Vice President of PJSC "Transneft"
- Incumbent
- Assumed office 20 October 2014

Special Representative of the President of the Russian Federation for Cooperation with African Countries
- In office 20 March 2011 – 31 October 2014

4th Chairman of the Federation Council Committee on International Affairs
- In office 14 November 2001 – 26 September 2014
- Preceded by: Mikhail Prusak
- Succeeded by: Konstantin Kosachyov

Special Representative of the President of the Russian Federation for Sudan
- In office 7 October 2008 – 20 March 2011

Head of the Public Relations Office of the President of the Russian Federation
- In office 14 May 1997 – 7 April 1998
- Preceded by: Mikhail Lesin
- Succeeded by: Dmitry Mulchanov

Personal details
- Born: Mikhail Vitalyevich Margelov 22 December 1964 (age 61) Moscow, Russian SFSR, Soviet Union
- Spouse: Svetlana Margelova
- Children: Dimitriy and Alexey
- Alma mater: Moscow State University

= Mikhail Margelov =

Russian politician (born 1964)

Mikhail Vitalyevich Margelov (Михаил Витальевич Маргелов; born 22 December 1964), is a Russian public figure and politician, Vice President, JSC “Transneft”, and ex-Chairman of the Foreign Affairs Committee of the Federation Council of Russia. He has been a member of the European Democrat Group in the Parliamentary Assembly of the Council of Europe (PACE) from 2002 until 2009. He has the federal state civilian service rank of 1st class Active State Councillor of the Russian Federation.

==Biography==
Margelov has worked as an interpreter in the International Department of the Central Committee of the Communist Party of the Soviet Union, taught Arabic at the Higher School of the KGB, and was Senior Editor of the Arab section in the TASS News Agency. He is also fluent in English.

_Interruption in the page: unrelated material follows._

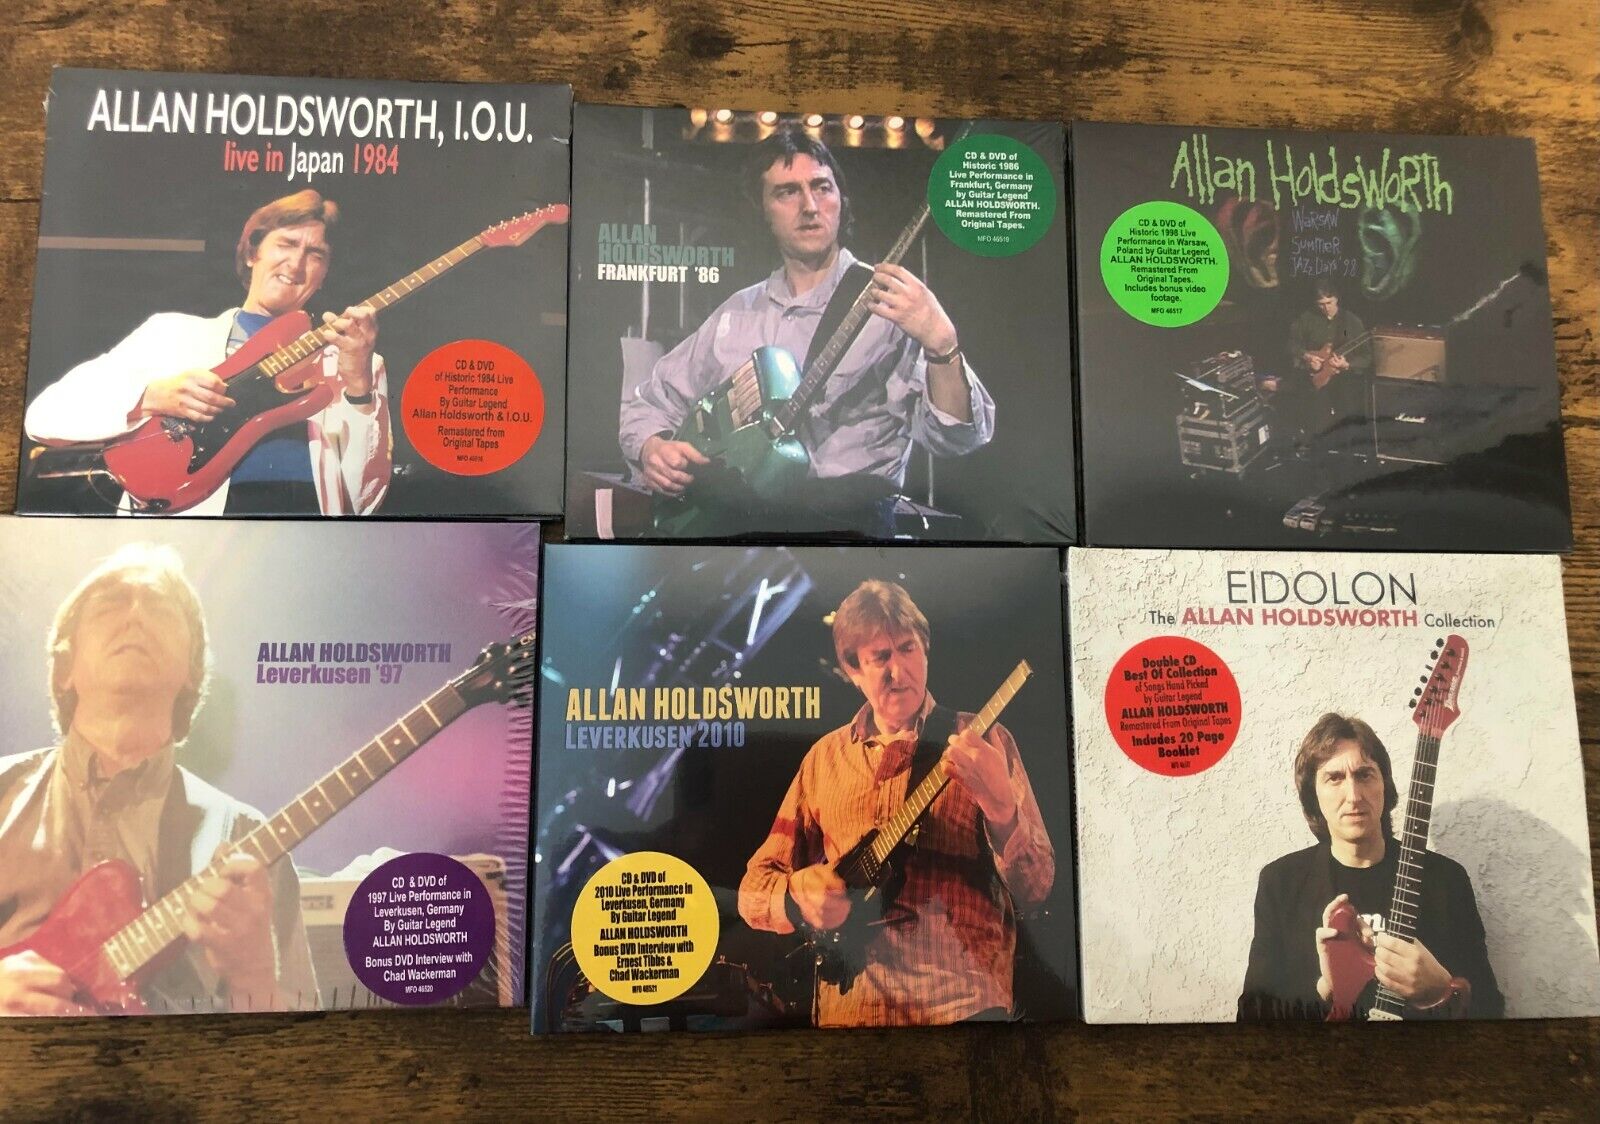 Allan Holdsworth - Live CD/DVD Bundle and Eidolon: Best of Allan Holdsworth

In 1990–1995, he was employed by a number of US consulting companies dealing with investment projects in the Commonwealth of Independent States. In 1995, he became project director for the publicity campaign of Grigory Yavlinsky and the Yabloko party. In 1996, he was chief co-ordinator for advertising for President Boris Yeltsin's 1996 re-election campaign. He went on to head the President's public relations department from November 1996 to May 1998.

Between October 1999 to October 2000, he was a director of the Russian Information Centre (Rosinformcentr), a government agency covering events in the Northern Caucasus From May 1998 to September 1999, he held a managerial position at RIA Novosti news agency. From January to March 2000, Margelov served as a consultant to Vladimir Putin's Electoral Headquarters, in charge of contacts with foreign media.

In PACE, he was a member of the Committee on the Honouring of Obligations and Commitments by Member States of the Council of Europe (Monitoring Committee), the Political Affairs Committee and the Sub-Committee on the Middle East. Having served as the vice-president of the PACE, he was due to be appointed president in 2008. However, he was controversially blocked in what some regarded as an anti-Russian move.

Margelov is the son of Colonel General Vitaly Margelov, a politician and intelligence officer, and the grandson of General Vasily Margelov, a Hero of the Soviet Union. He graduated from the Institute of Asian and African Countries, which is affiliated to Moscow State University.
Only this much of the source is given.